In OAuthAuthorizationServerOptions I noticed that the OAuth2 server is configured to distribute tokens that expire after 14 days

  OAuthOptions = new OAuthAuthorizationServerOptions { TokenEndpointPath = new PathString("/api/token"), Provider = new ApplicationOAuthProvider(PublicClientId,UserManagerFactory) , AuthorizeEndpointPath = new PathString("/api/Account/ExternalLogin"), AccessTokenExpireTimeSpan = TimeSpan.FromDays(14), AllowInsecureHttp = true };

This is not suitable for my last project. I would like to pass short-lived bearer_tokens that can be updated using refresh_token

I did a lot of searches and did not find anything useful.

So, how far I managed to get. Now I have reached the point "WTF do i now".

I wrote a RefreshTokenProvider that implements IAuthenticationTokenProvider according to the RefreshTokenProvider property in the OAuthAuthorizationServerOptions class:

  public class SimpleRefreshTokenProvider : IAuthenticationTokenProvider { private static ConcurrentDictionary<string, AuthenticationTicket> _refreshTokens = new ConcurrentDictionary<string, AuthenticationTicket>(); public async Task CreateAsync(AuthenticationTokenCreateContext context) { var guid = Guid.NewGuid().ToString(); _refreshTokens.TryAdd(guid, context.Ticket); // hash?? context.SetToken(guid); } public async Task ReceiveAsync(AuthenticationTokenReceiveContext context) { AuthenticationTicket ticket; if (_refreshTokens.TryRemove(context.Token, out ticket)) { context.SetTicket(ticket); } } public void Create(AuthenticationTokenCreateContext context) { throw new NotImplementedException(); } public void Receive(AuthenticationTokenReceiveContext context) { throw new NotImplementedException(); } } // Now in my Startup.Auth.cs OAuthOptions = new OAuthAuthorizationServerOptions { TokenEndpointPath = new PathString("/api/token"), Provider = new ApplicationOAuthProvider(PublicClientId,UserManagerFactory) , AuthorizeEndpointPath = new PathString("/api/Account/ExternalLogin"), AccessTokenExpireTimeSpan = TimeSpan.FromMinutes(2), AllowInsecureHttp = true, RefreshTokenProvider = new RefreshTokenProvider() // This is my test };

So now, when someone asks for a bearer_token , I send a refresh_token , which is great.

So, how can I use this refresh_token to get a new bearer_token , apparently I need to send a request to the marker endpoint with specific HTTP headers?

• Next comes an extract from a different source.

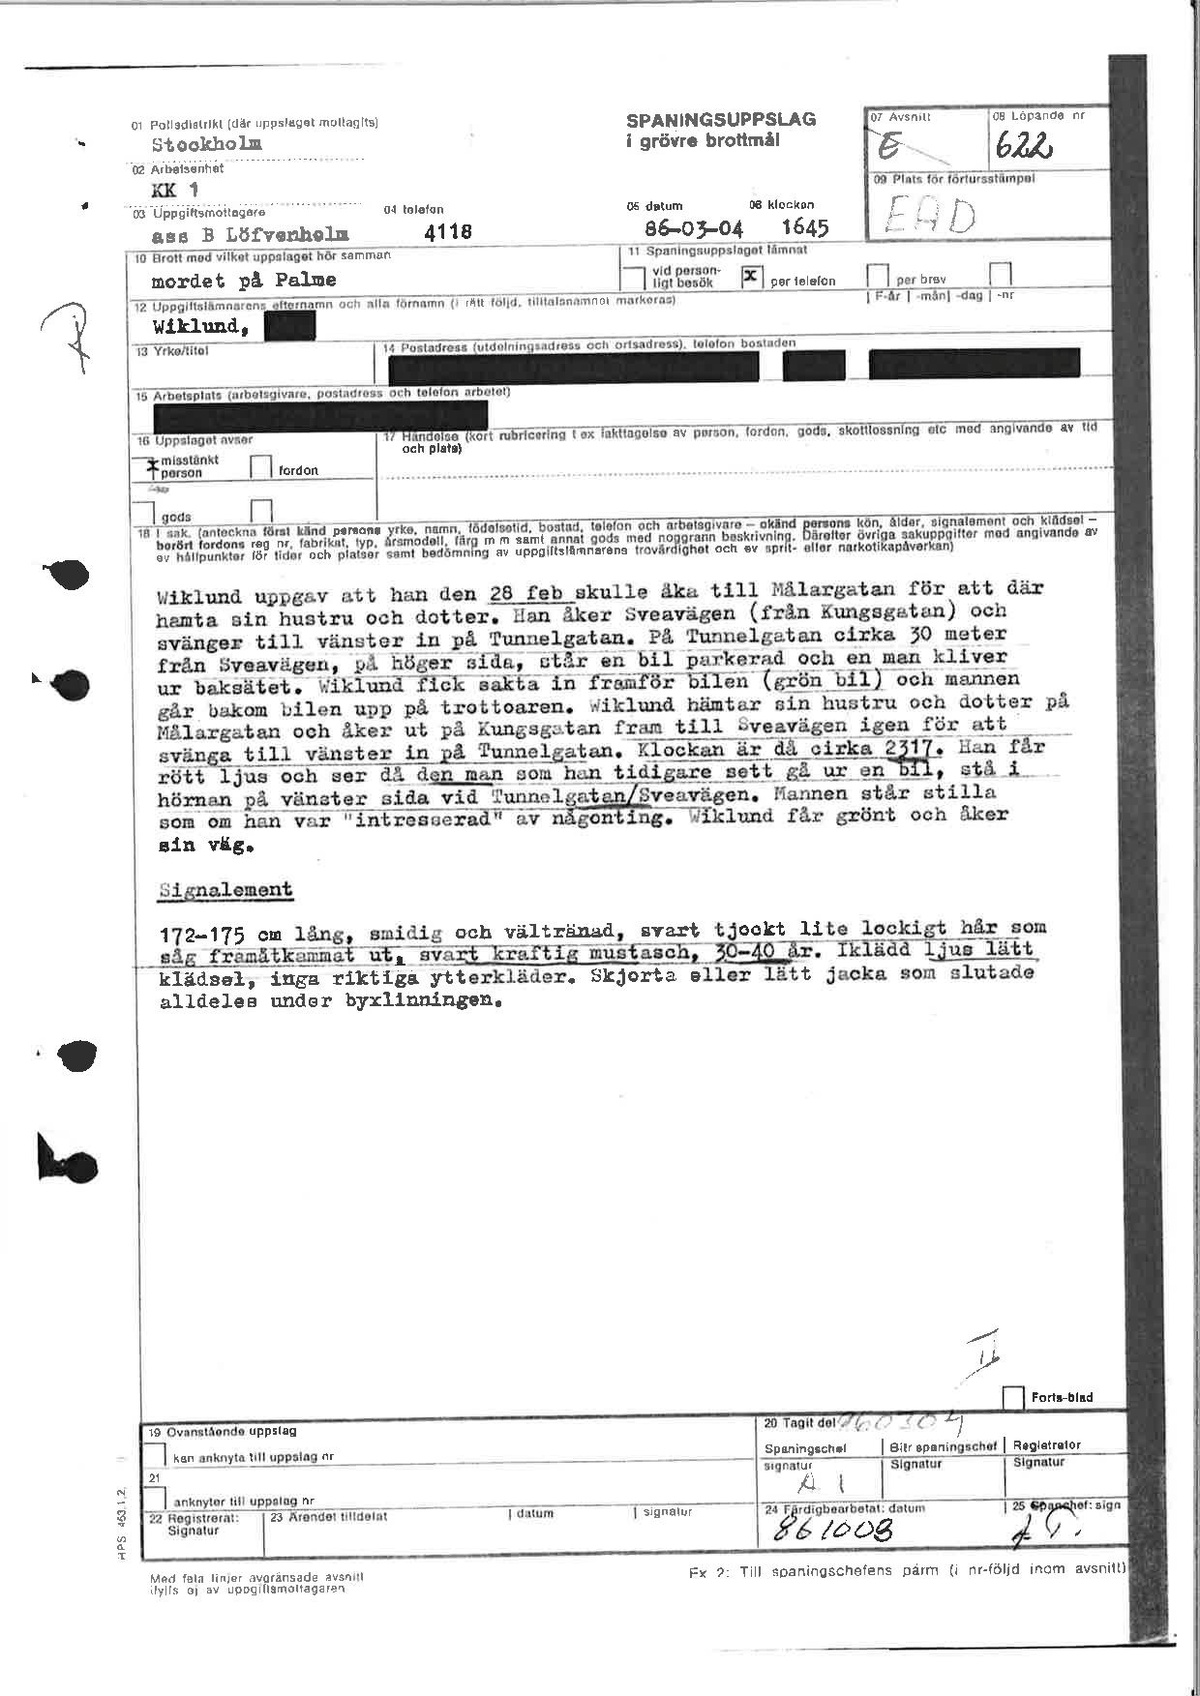 Pol-1986-03-04 1645 EAD622 Förhör med Wiklund.pdf

Just thinking out loud when I type ... Should I handle expresh_token expiration in my SimpleRefreshTokenProvider ? How will the client receive a new refresh_token ?

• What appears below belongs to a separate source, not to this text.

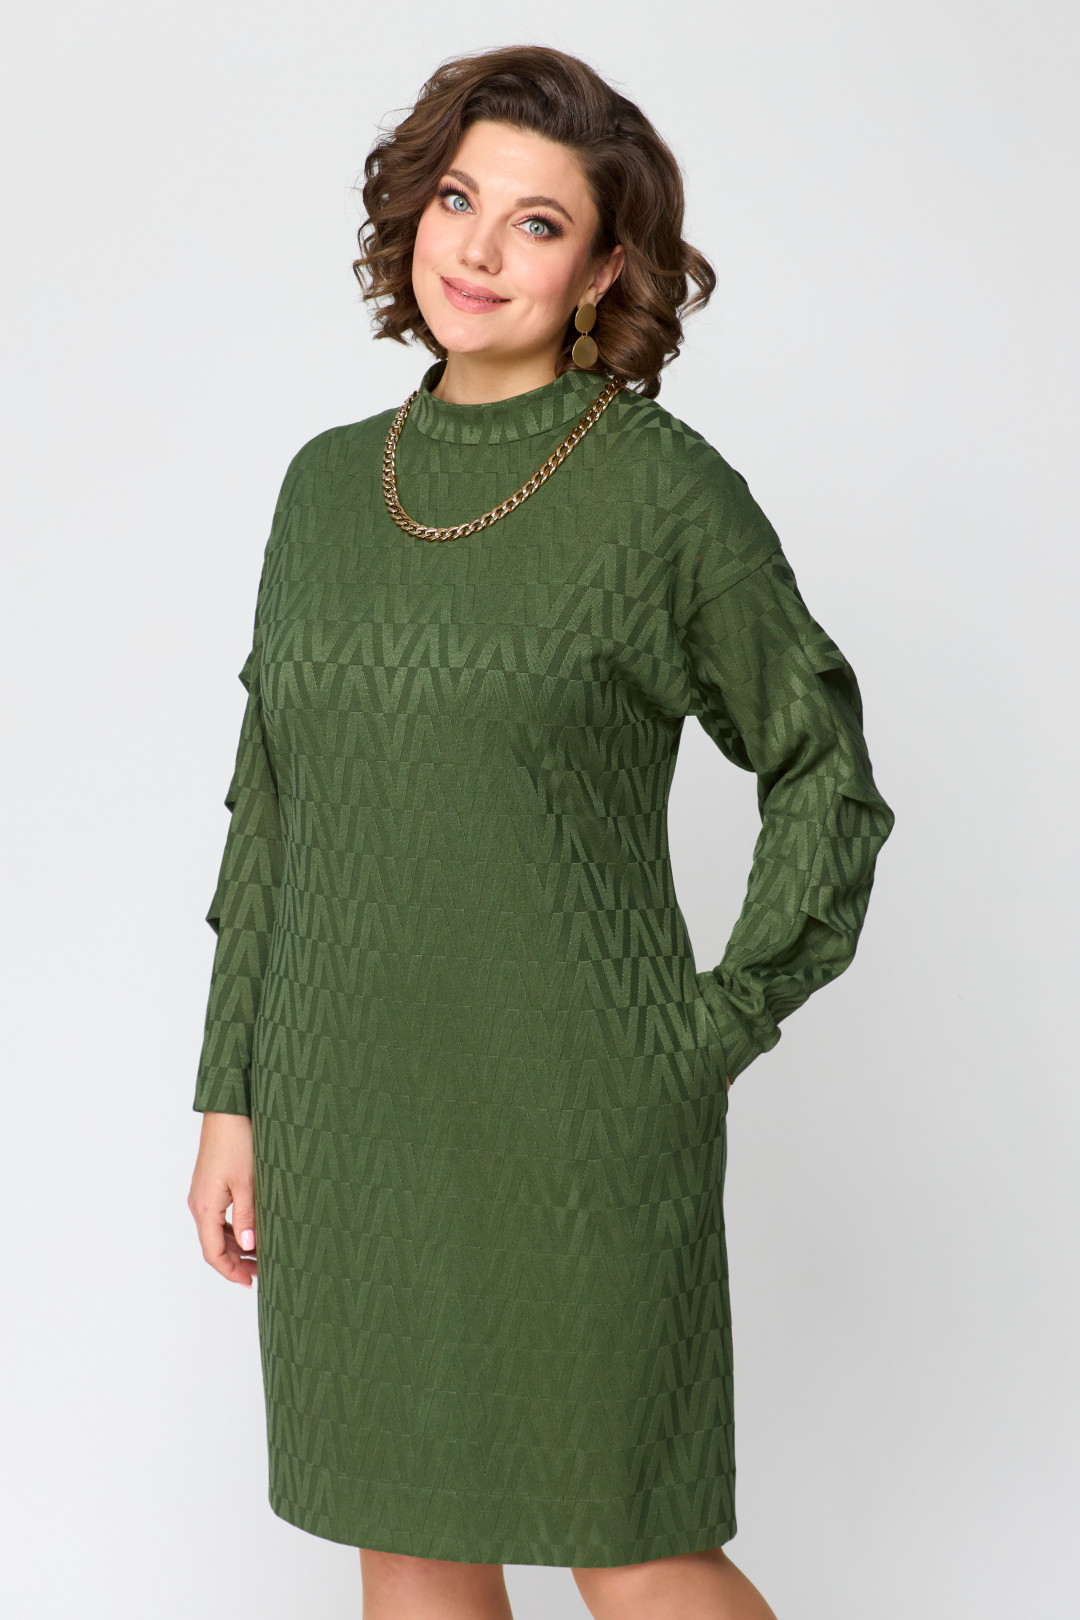 Платье Данаида 2201 зеленый

I really could work with some reading materials / documentation because I don't want to be wrong and would like to follow the standard.

+54
c # asp.net-web-api asp.net-identity owin
Dec 17 '13 at 15:10
source share
4 answers

It just implements my OWIN service with media (called access_token in the following) and updates the tokens. My understanding of this is that you can use different threads. So it depends on the thread you want to use when you set the access_token and refresh_token expiration times.

I will describe two streams A and B in the text (I suggest that you want to have stream B):

A) the expiration times of access_token and refresh_token are the same as the default of 1200 seconds or 20 minutes. This thread requires that your client first send client_id and client_secret with login information in order to get access_token, refresh_token and expiration_time. With refresh_token you can now get a new access_token within 20 minutes (or whatever you set AccessTokenExpireTimeSpan to OAuthAuthorizationServerOptions). Due to the fact that the expiration times for access_token and refresh_token are the same, your client is responsible for receiving a new access_token before the expiration date! For example. your client can send an updated POST request to the endpoint of your token with the body (note: you must use https in the production process)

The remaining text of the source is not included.